# Supplied records
((

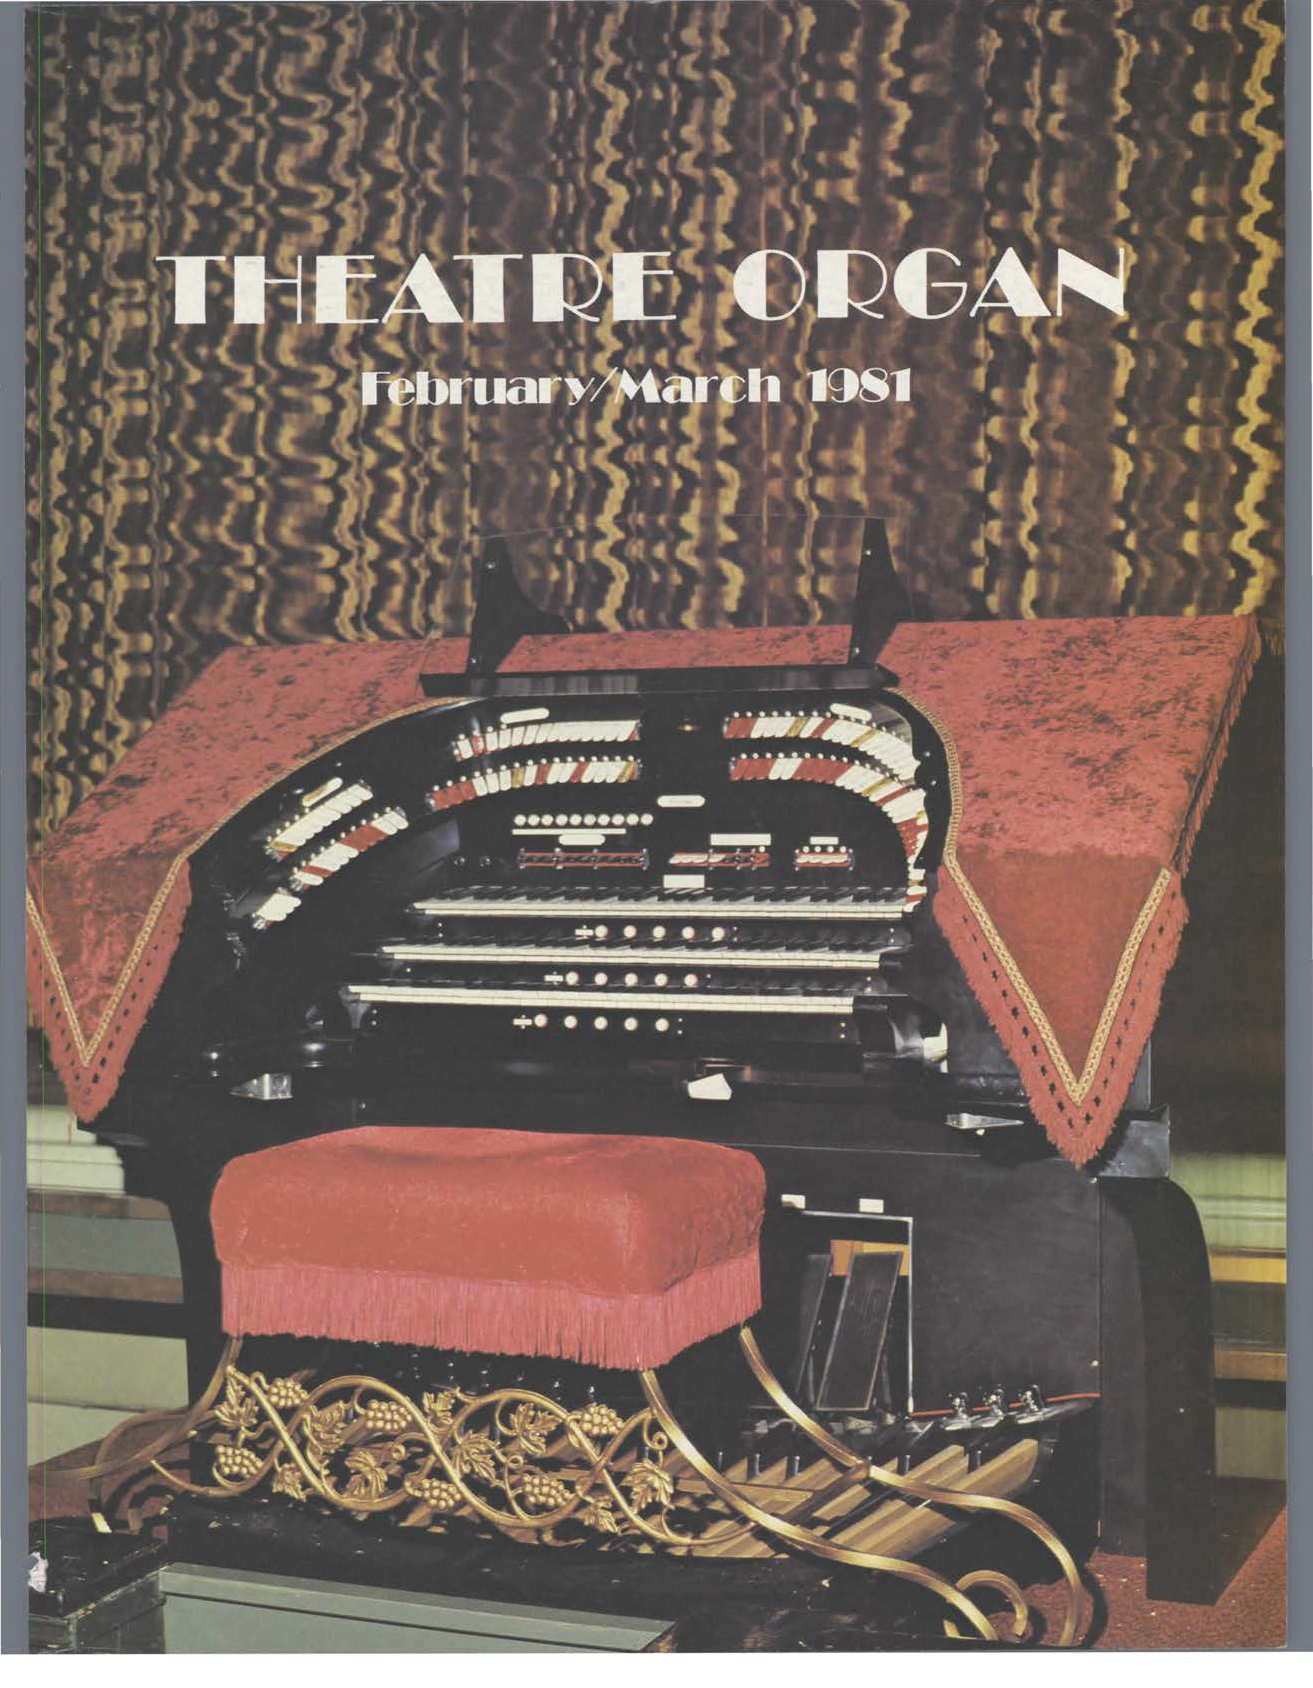 Theatre Organ, February - March 1981, Volume 23, Number 1
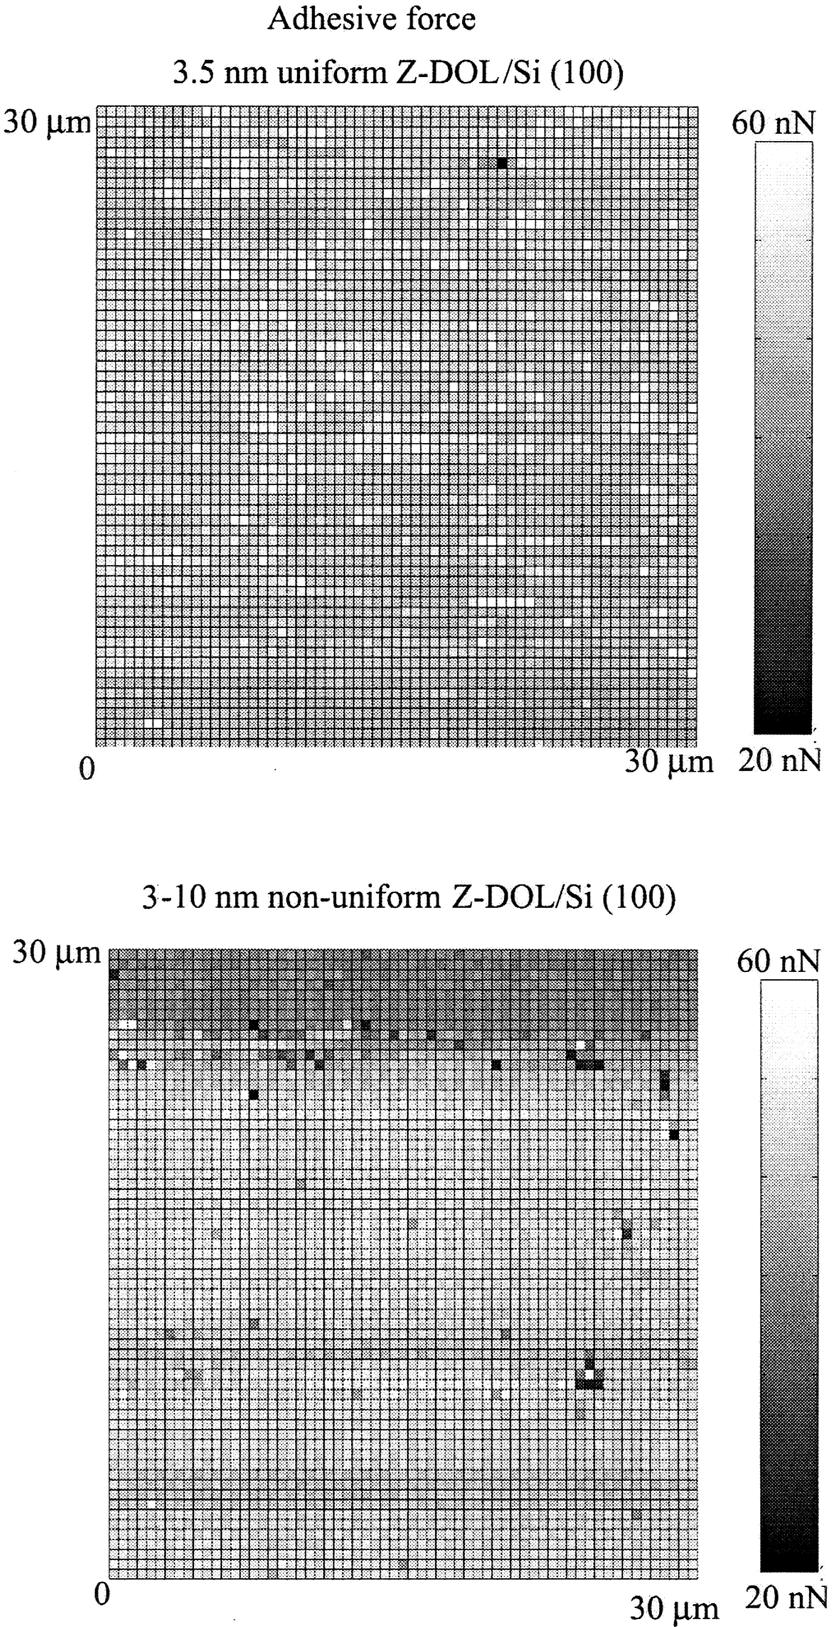 FIGURE 19.42 Gray-scale plots of the adhesive force distribution of a uniformly-coated, 3.
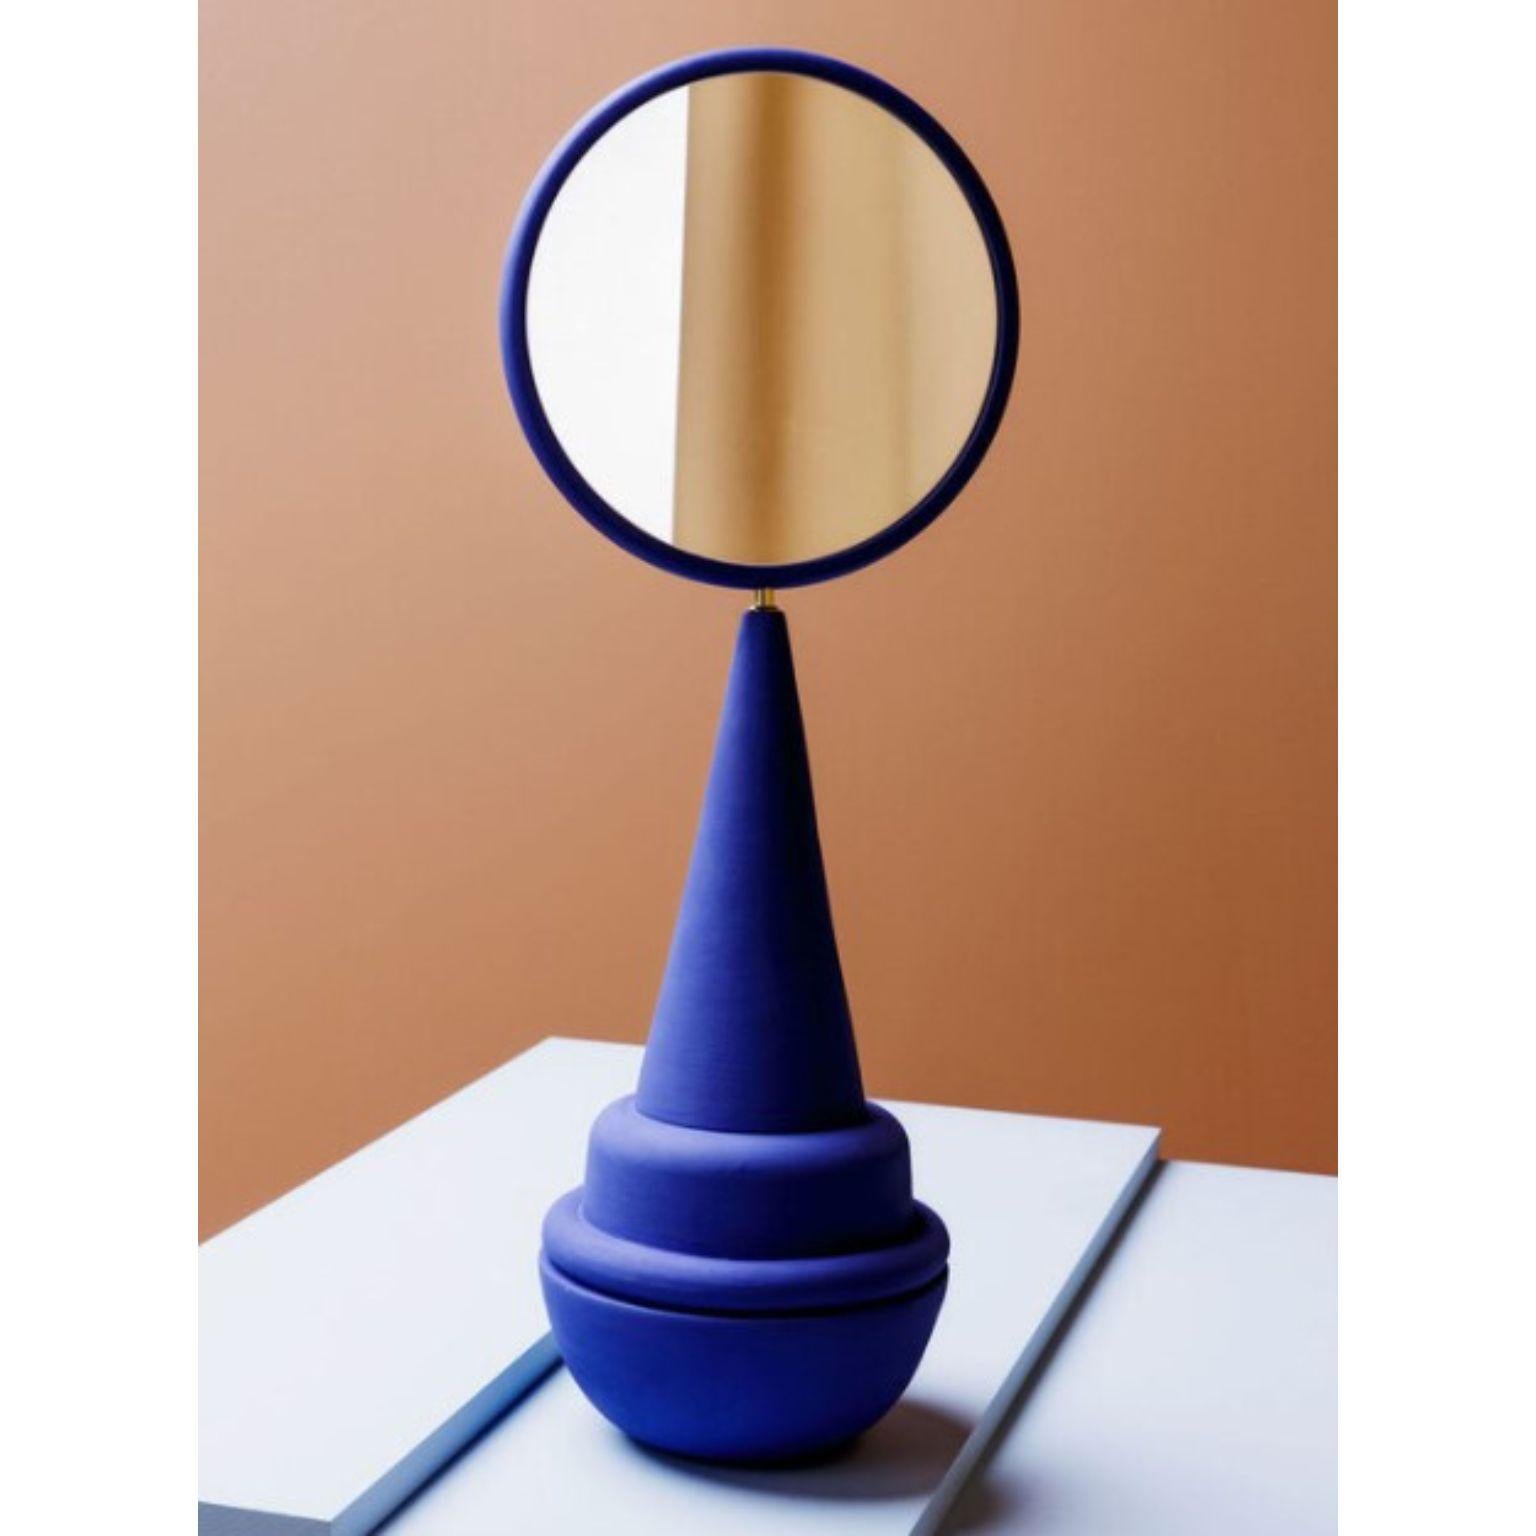 Marrakesh large table mirror by Tero Kuitunen
Material: slip cast terracotta, Mdf, chalk paint, mirror, brass.
Dimensions: D 30 x H 58 cm
Edition of 8
Also available: different colors (Blue, Brown) and different dimensions.

Inspired by the

))

Reproduce the whole listing above word for word, but not its pictures.

# Result of the exercise
 Theatre Organ, February - March 1981, Volume 23, Number 1
 FIGURE 19.42 Gray-scale plots of the adhesive force distribution of a uniformly-coated, 3.
 Marrakesh large table mirror by Tero Kuitunen
Material: slip cast terracotta, Mdf, chalk paint, mirror, brass.
Dimensions: D 30 x H 58 cm
Edition of 8
Also available: different colors (Blue, Brown) and different dimensions.

Inspired by the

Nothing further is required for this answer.